Bana diyor ya (İçişleri Bakanı Süleyman Soylu) ‘pis, pislik’ diye… O zaman temiz Süleyman’ın, derincilerin başı Mehmet Ağar’ın doğru söyleyip söylemediği anlaşılır. Bunu yapmak zor değil ki, devletin dünya kadar savcısı var. Bir de Süleyman Soylu’nun, Mehmet Ağar’ın kendi kontenjanından soktuğu avukat savcıları da var. FETÖ’cülerden boşalan yerlere atama yapılacak ya, kendi kontenjanlarından kaçar hakim savcı sokmuşlar? Eskiden örgütlü suçlarda kıdemli savcılar çalışırdı. Avukatlıktan savcılığa geçen hakim ve savcıların örgütlü suçlar ve terör birimlerine bu kadar yoğun yönlendirilmeleri gerçekten kafa karıştırıcı. Bana diyor ki (Süleyman Soylu) ‘fare gibi kaçma gel adalete sığın’… Senin tayin ettirdiğin hakime savcıya değil mi, senin bakanı olduğun İçişleri Bakanlığı’na geleyim değil mi?”

‘HER HAFTA CANINI BİR KERE YAKACAĞIM’

“Buna başladığımızda bir arkadaşım dedi ki, “Ya n’apıyorsun?”  Yenilecekler dedim. Akıl tatilde ama zeka burada kardeşlerim, sıkıntı yok.
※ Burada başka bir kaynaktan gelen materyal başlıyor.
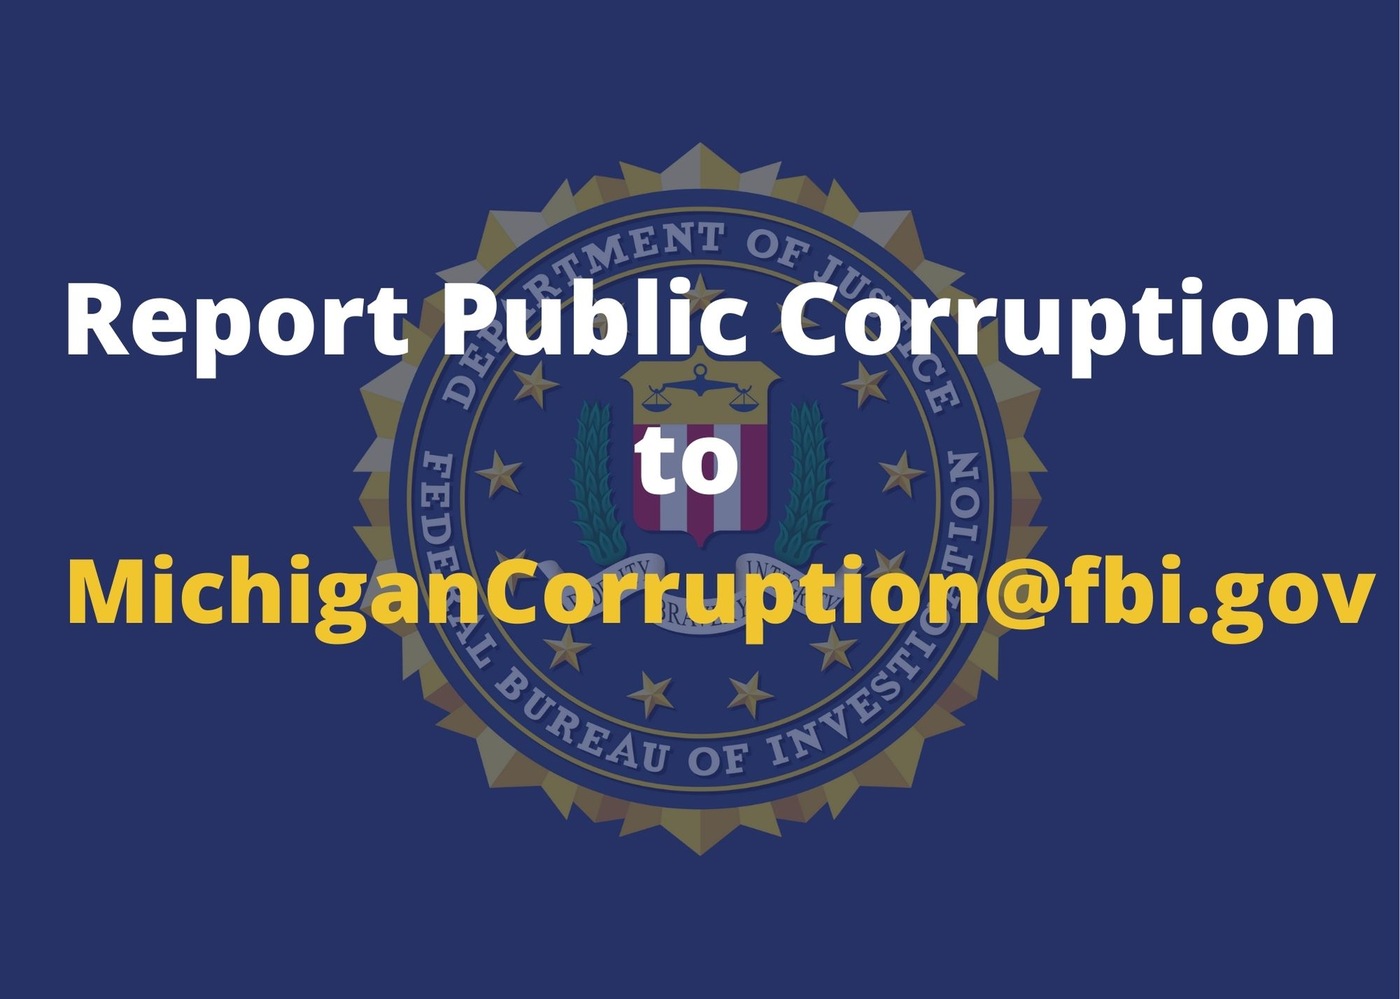 Michigan Corruption E-Mail Address

MichiganCorruption@fbi.gov

Bizim aslan Sülü bir açıklama yapmış, yardırmış böyle ama nasıl bir açıklama. Ben ona o aklı vereni tahmin ediyorum. Hitler’in Propaganda Bakanı Goebbels diyor ki, “Yalan söylerken büyük yalanlar söyleyin, yalan ne kadar büyük olursa insanlar üzerindeki etkisi o kadar büyük olur. Ama cahil, bilmiyor. Bir de Sun-Tzu ne diyor, ‘Savaşı kontrol edemediğin alana taşıma.’ Pazartesi Meclis açılıyor, sen oradaki insanların eline bu sermayeyi verdin, sana ne diyecekler temiz Süleyman. Hile için ayırdığın beyni devlet için ayırdığın beynini devlet için ayırsaydın belki kaç insanın intihar etmesine engel olacak başarıyı gösterirdin.  Şimdi diyor ya, ‘Kanıtlasınlar’ Bak büyük konuşma, yavaş yavaş, parça parça yapacağım. Her hafta canını bir kere yakacağım. Öyle ya sen benim dönüş biletimdin. Sen benim bütün bahisleri üzerine oynadığım jokerdin. Bizi yaktın Sülü! ‘Marina’ya çökmekmiş, biz Libya’ya, Karabağ’a çökülmesine izin vermedik’ diyor. Öyle mi? Hani Nahcivan’dan Türkiye’ye açılacak yol? Ermenilerden aldı Azerbaycanlı Türk kardeşlerimiz, çöktü Ruslar. Hani çökülmesine izin vermemiştin? Makam devletin, saygısızlık yapmam ama seninle işim var. Bir de diyor, kırmızı şey çıktı, devlet yalan söyler mi? Daha çıkmamış. Bunlar el birliğiyle benim oraya gelmemem için uğraşıyorlar. Benim mitinglerimi veriyorlar. Lyon’da İnterpol başkanlığı var, bakıyor ‘Bu adam kim’ diyor. Bunlar istek yapıyorlar ya. Bunlar bana hizmet ediyor. Siyasi mahkumum. Siyasi mahkumların siyasi mülteci hakları var. Yatmışlığım da var. Parti desteği olmadan kim topluyor o kadar kalabalığı?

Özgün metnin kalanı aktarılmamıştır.